Penn Professor Alison Sweeney explains the mysterious sex lives of corals
ListenImagine – a full moon over the open ocean. If you think that sounds romantic, you’re not alone. Apparently corals think so too.
Imagine – a full moon over the open ocean. If you think that sounds romantic, you’re not alone. Apparently corals, the tiny sea creatures who build colorful reefs, think so too.
In our regular segment “So, What do you do” where lay people interview scientists about their work – we met Alison Sweeney an assistant professor in Physics and Astronomy at The University of Pennsylvania.
Sweeney was interviewed by Shauna Small, a school psychologist in Philadelphia and Camden and founder of Agents Promoting Educational Change. Their discussion gave us a peek at the sex lives of corals.
Since Professor Sweeney teaches and runs a lab in the Astronomy and Physics department at Penn, an obvious question from Shauna was whether Sweeney was an astronomer or a physicist, or both.

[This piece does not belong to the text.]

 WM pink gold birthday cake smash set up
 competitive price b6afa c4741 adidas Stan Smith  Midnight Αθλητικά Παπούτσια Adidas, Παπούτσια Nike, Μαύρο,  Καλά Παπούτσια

Turns out Sweeney is neither. Her background is in biology and she has a PhD in evolutionary biology. Her lab is spearheading a unique collaboration between biology and physics in the hopes that new discoveries in “synthetic biophysics” will emerge.
“I know enough physics to know where the interesting physics happens within biology,” says Sweeney. “I can now have immediate access to physicists on these cool biophysics projects that we find.”
Bringing a biologist into the world of physics is new for the university.
“Penn has done a very cutting edge and brave, boundary breaking thing hiring a biologist to work among the physicists,” says Sweeney. But there are places where the disciplines overlap.
One of the things that Sweeney and her lab are investigating is how environmental color and light affect behavior in marine animals. Her work has led to some surprising findings about coral spawning. Her research may have unlocked the mystery of how the millions of tiny sea creatures, living on miles and miles of reefs manage to release egg and sperm into the open ocean once a year, within a ten-minute interval.
Having all corals spawn within the same ten minutes increases the possibility for egg and sperm to meet, allowing procreation. For Sweeney, the question was, how “these brainless animals know precisely which ten minutes of the year to release their reproductive output”.
She found that the lunar cycle may be the key. “We do know that the corals will tend to spawn three or four nights after the full moon”, says Sweeney. Following a full moon’s subtle color variations in the night sky may cue the corals to their collective spawning date.
“Every twilight past the full moon gets bluer and bluer and bluer”, says Sweeney. “There’s this whole color process in the sky, that if you were a coral, it would make a lot of sense to pay attention to.”
Aside from coral, Sweeney has studied the color camouflage techniques of squid and giant clams.
“We are just beginning to understand that this color complexity can actually have a lot of important biological ramifications.”